▶ **Task to carry out**:
From the line holding "Healthy Smoothies To Lose Weight" through the line holding "7 Healthy Green" below, write out every line exactly; include both of those lines and drop the pictures.

▶ **The data**:

• • • •

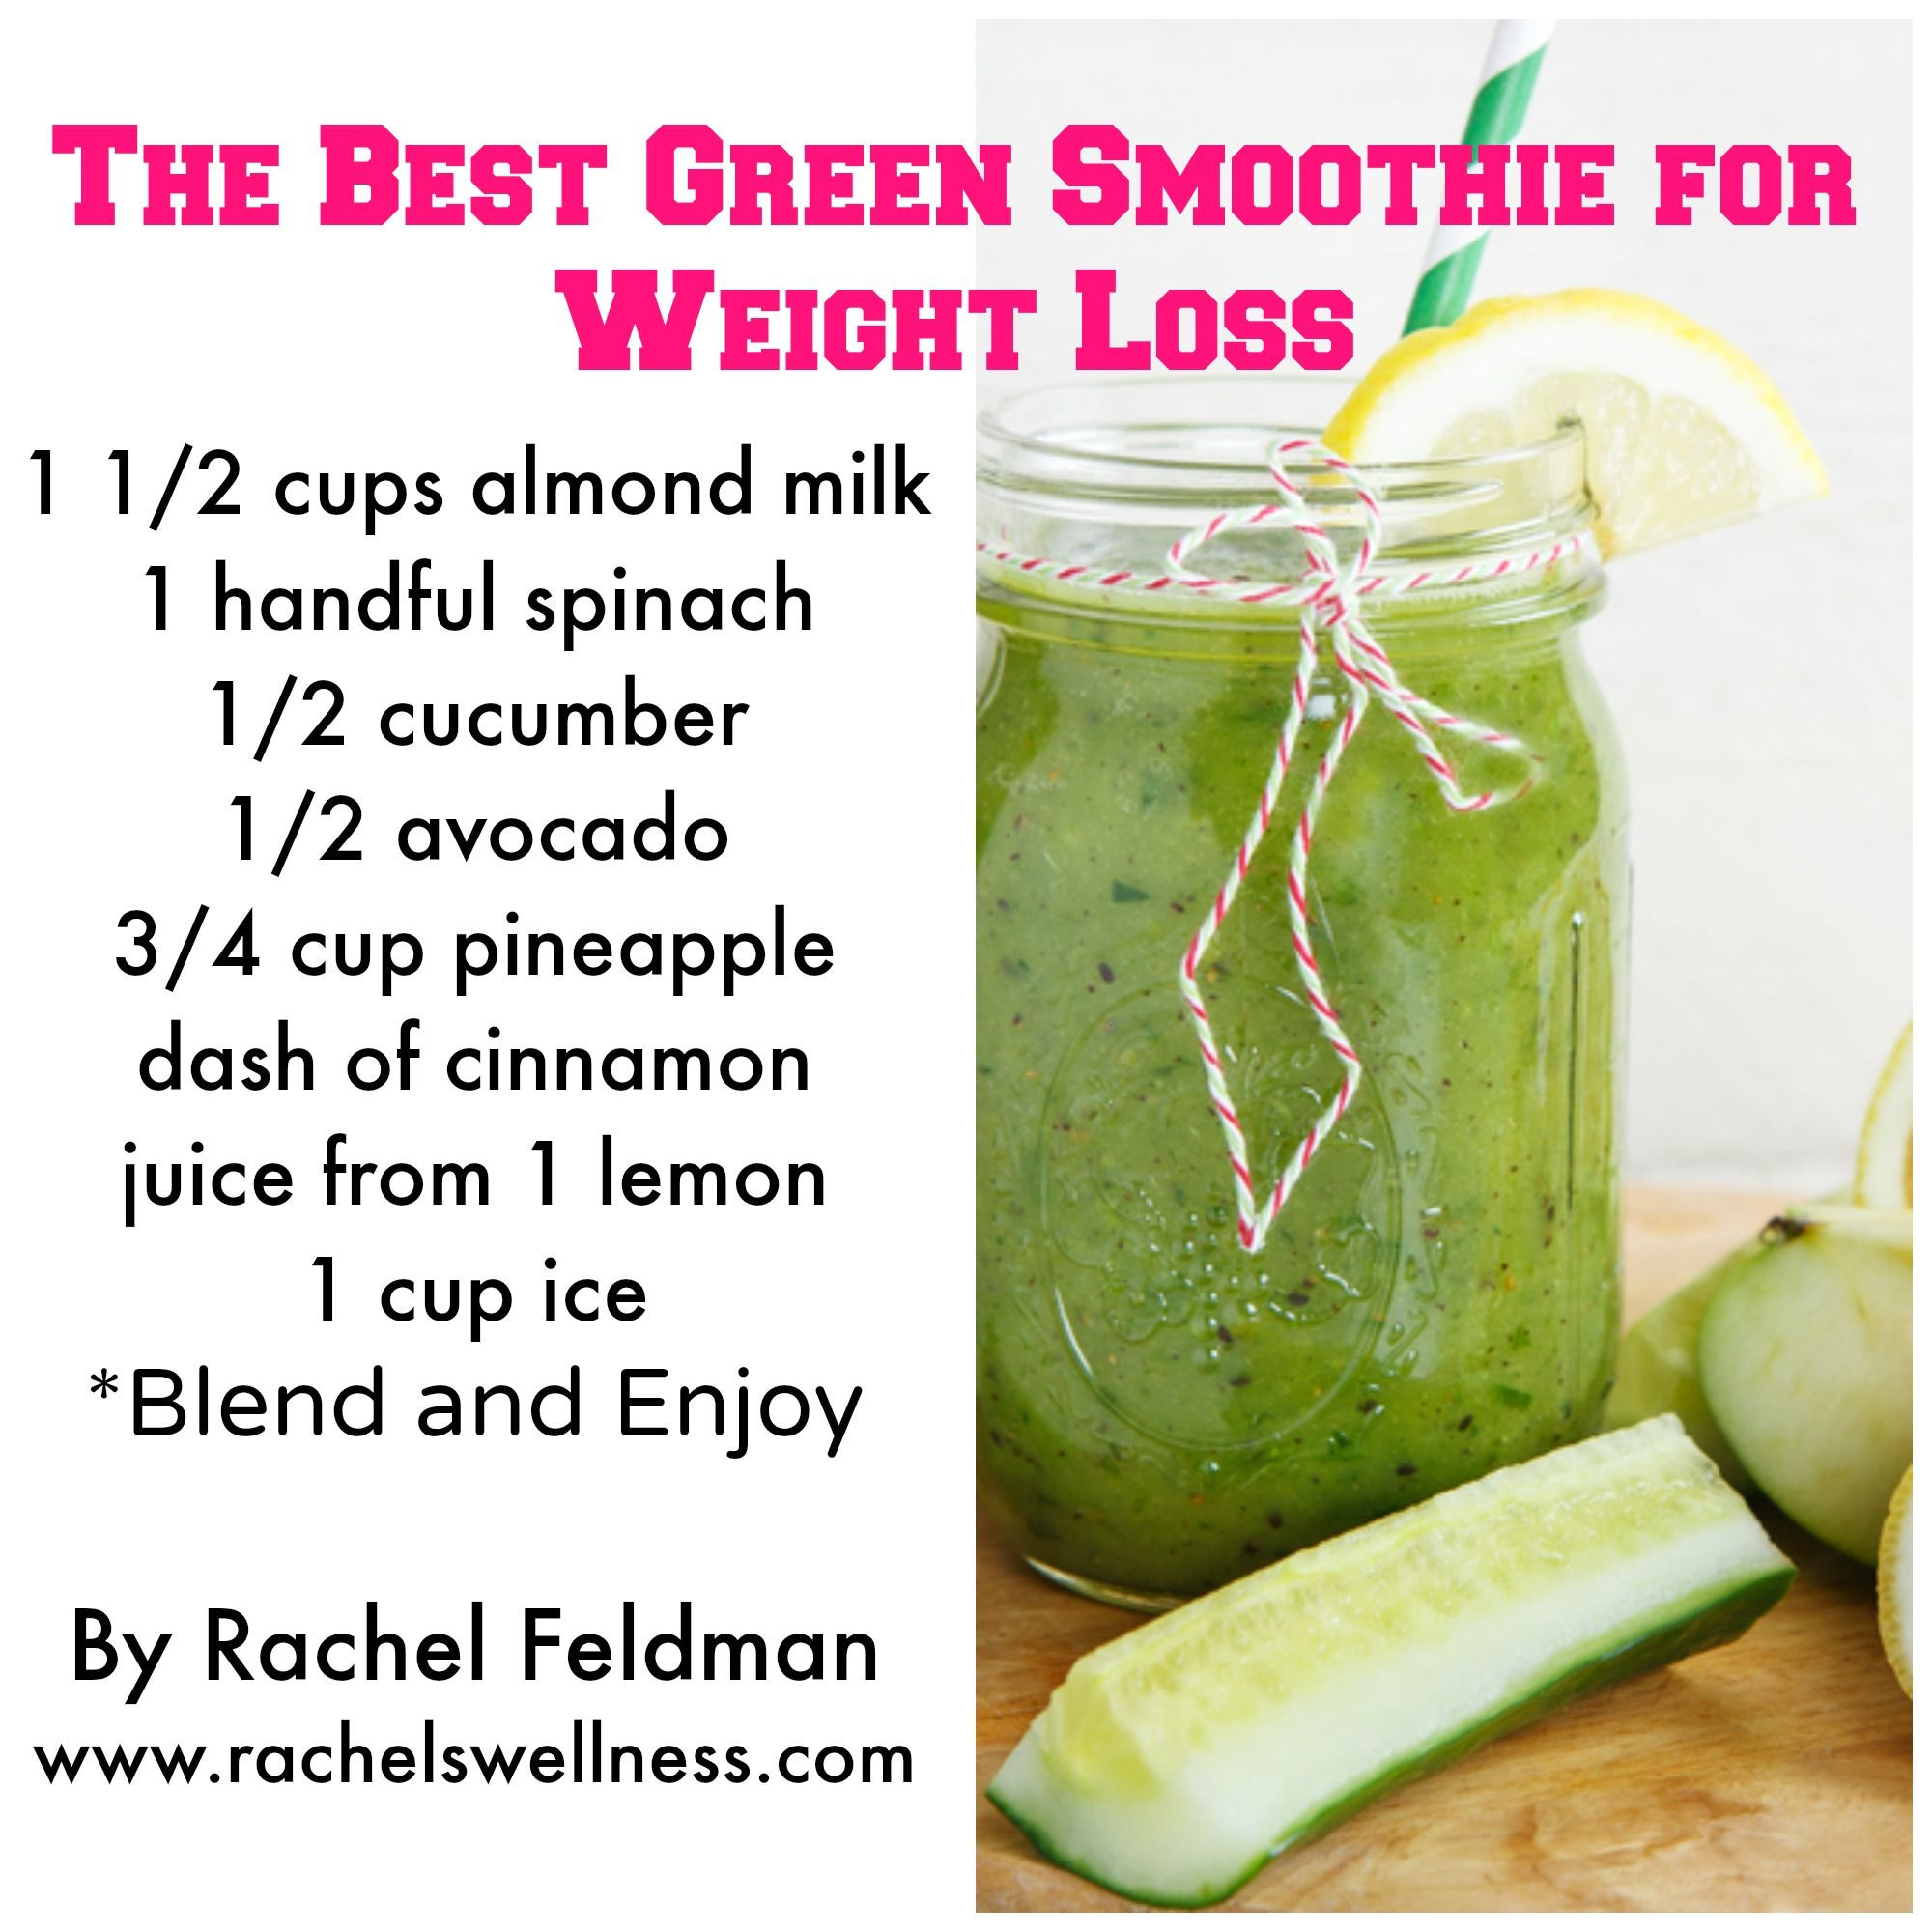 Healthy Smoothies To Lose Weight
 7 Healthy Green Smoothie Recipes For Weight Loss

• • • •

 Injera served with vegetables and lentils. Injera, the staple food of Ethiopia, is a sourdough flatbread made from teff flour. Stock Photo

• • • •

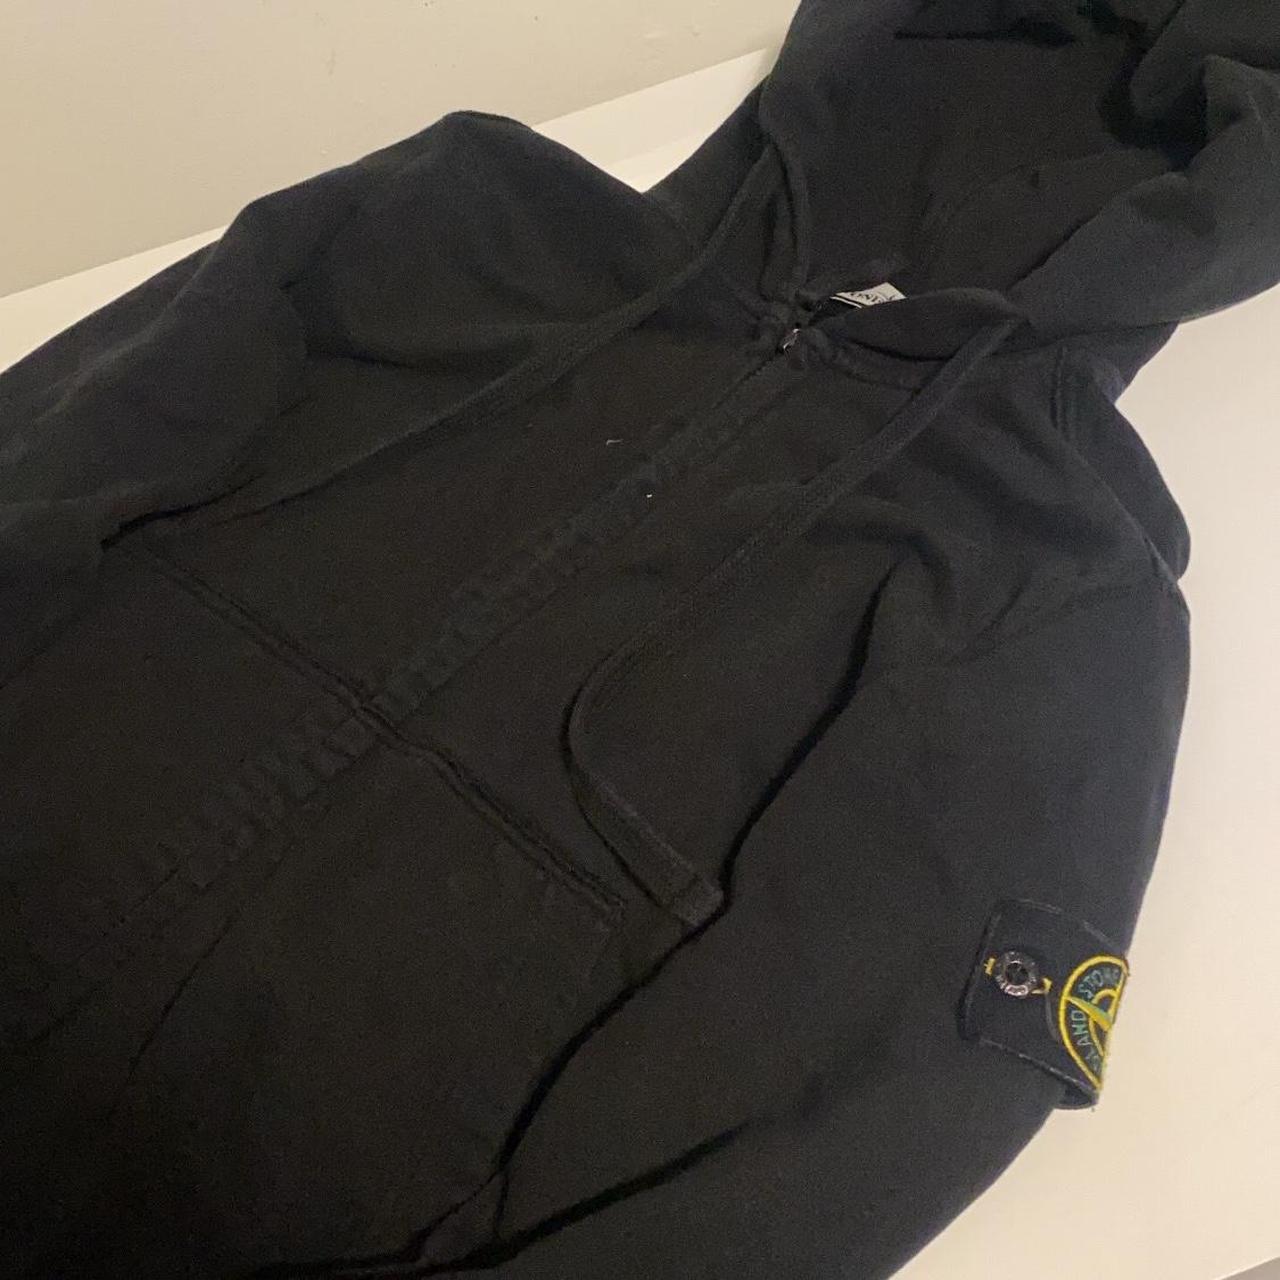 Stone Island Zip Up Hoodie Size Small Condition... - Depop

• • • •

▶ **Written response**:
 Healthy Smoothies To Lose Weight
 7 Healthy Green Smoothie Recipes For Weight Loss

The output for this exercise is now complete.